Follow, Draw & Stun
Vertical tip placement controls whether the cue ball follows, stops, or draws back after contact.
Follow: hitting above center
Striking above the cue ball's vertical center imparts topspin, so after the initial skid the ball rolls forward through and past the point of contact with the object ball. The higher above center you strike (within reason), the more pronounced the forward roll after impact. Follow is the shot to reach for when you need the cue ball to continue traveling in roughly the same direction after the hit.
Draw: hitting below center
Striking below center imparts backspin, so the cue ball skids forward briefly, then the backspin overcomes that slide and pulls it back toward where it came from.
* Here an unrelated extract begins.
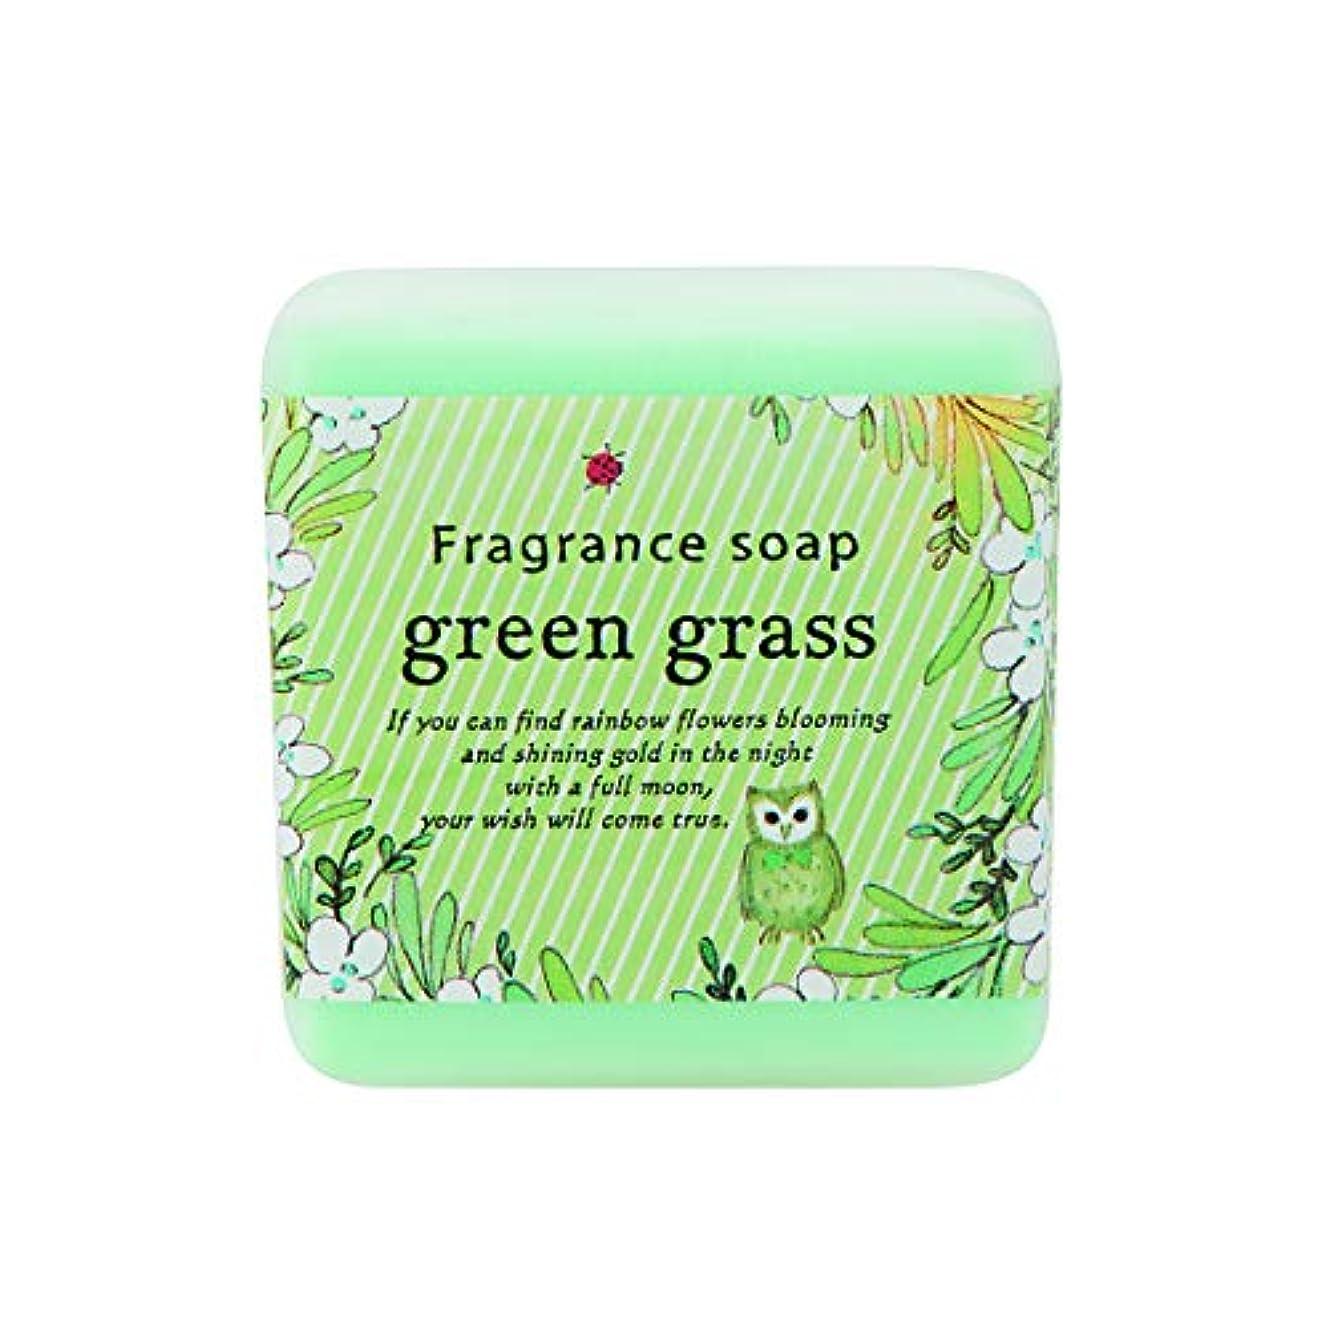 感動する納得させる確認サンハーブ フレグランスソープ40g グリーングラス 12個(プチ石けん ゲストソープ 爽やかでちょっと大人の香り)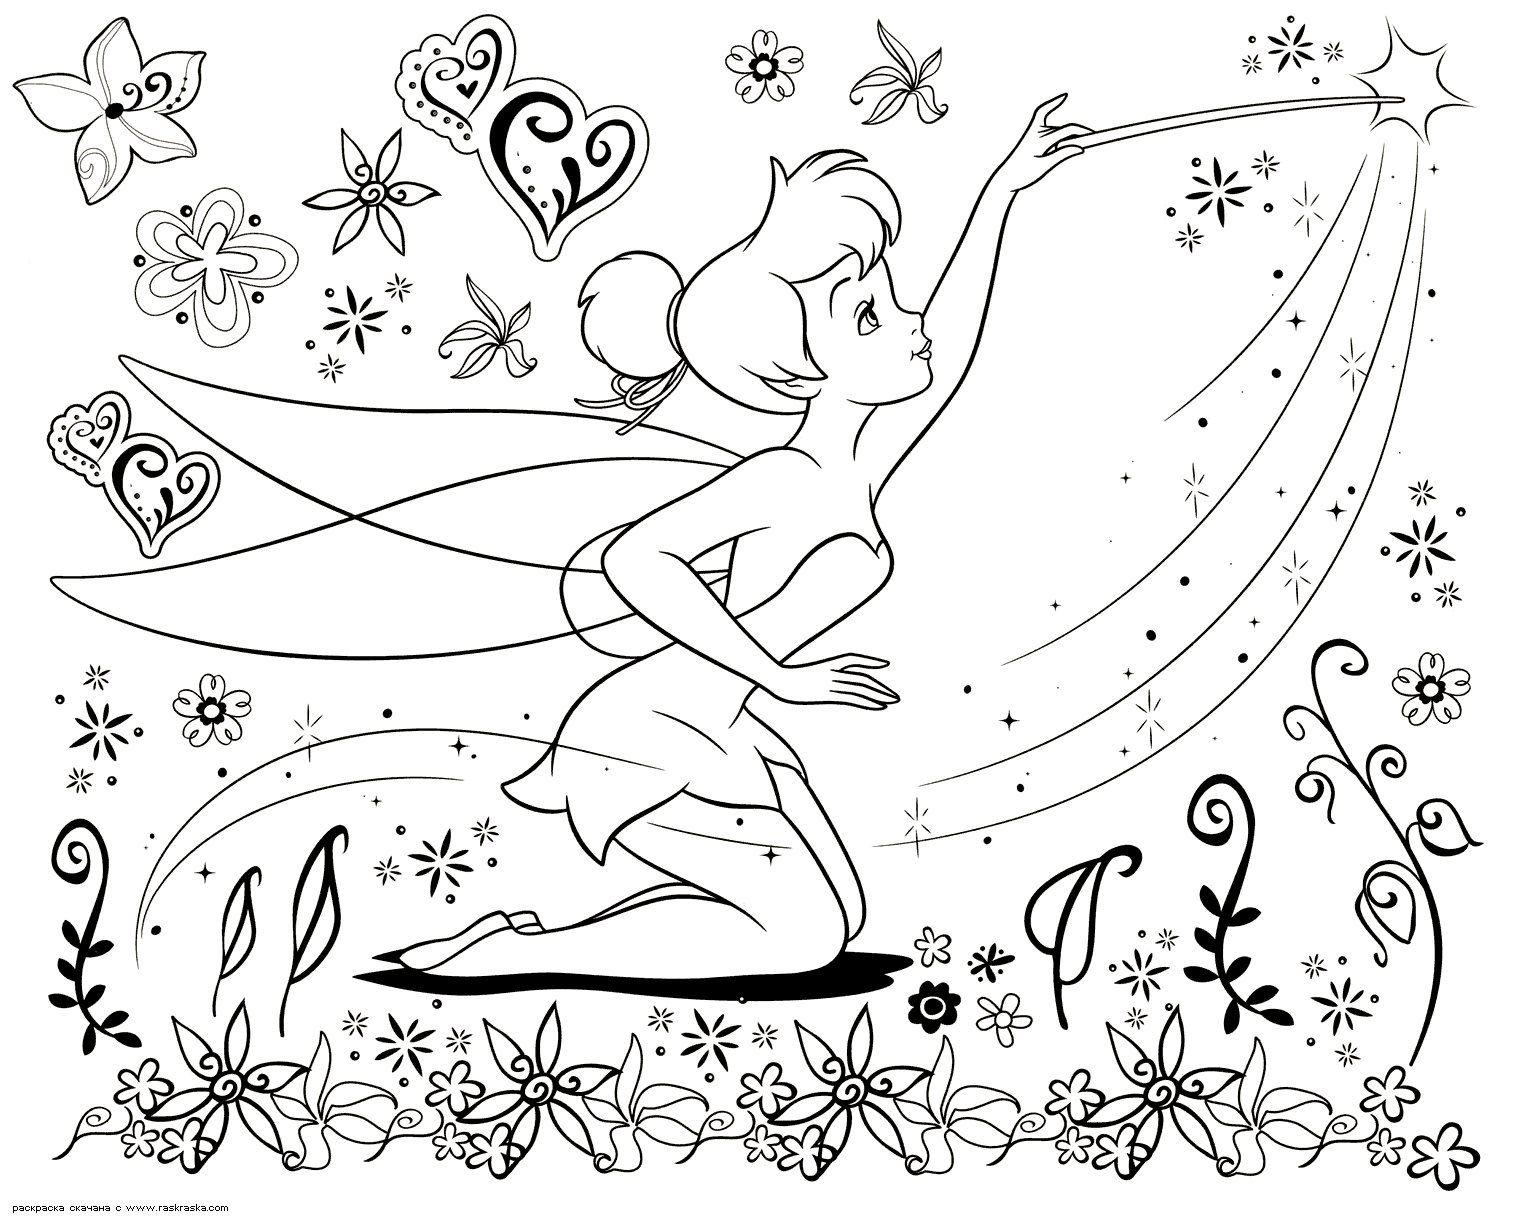 Kleurplaat Tinkerbell Google Zoeken Fairy Coloring Pages Tinkerbell Coloring Pages Christmas Coloring Pages

Draw requires more precise, often lower and firmer contact than follow because there is less cue ball surface below center before you risk a miscue or a mishit into the rail. A loose grip, level cue, and confident acceleration through the ball matter more here than almost anywhere else.
Stun: killing the roll
A stun shot is struck close enough to center — usually slightly below — that the cue ball has little or no rotation left by the time it reaches the object ball, so it slides into contact and stops or squirts off at roughly ninety degrees to the object ball's path (the tangent line) rather than rolling forward or drawing back. Stun is the tool for holding the cue ball in place or sending it off at a predictable right angle, and it depends on hitting firmly enough that natural roll has not developed before impact.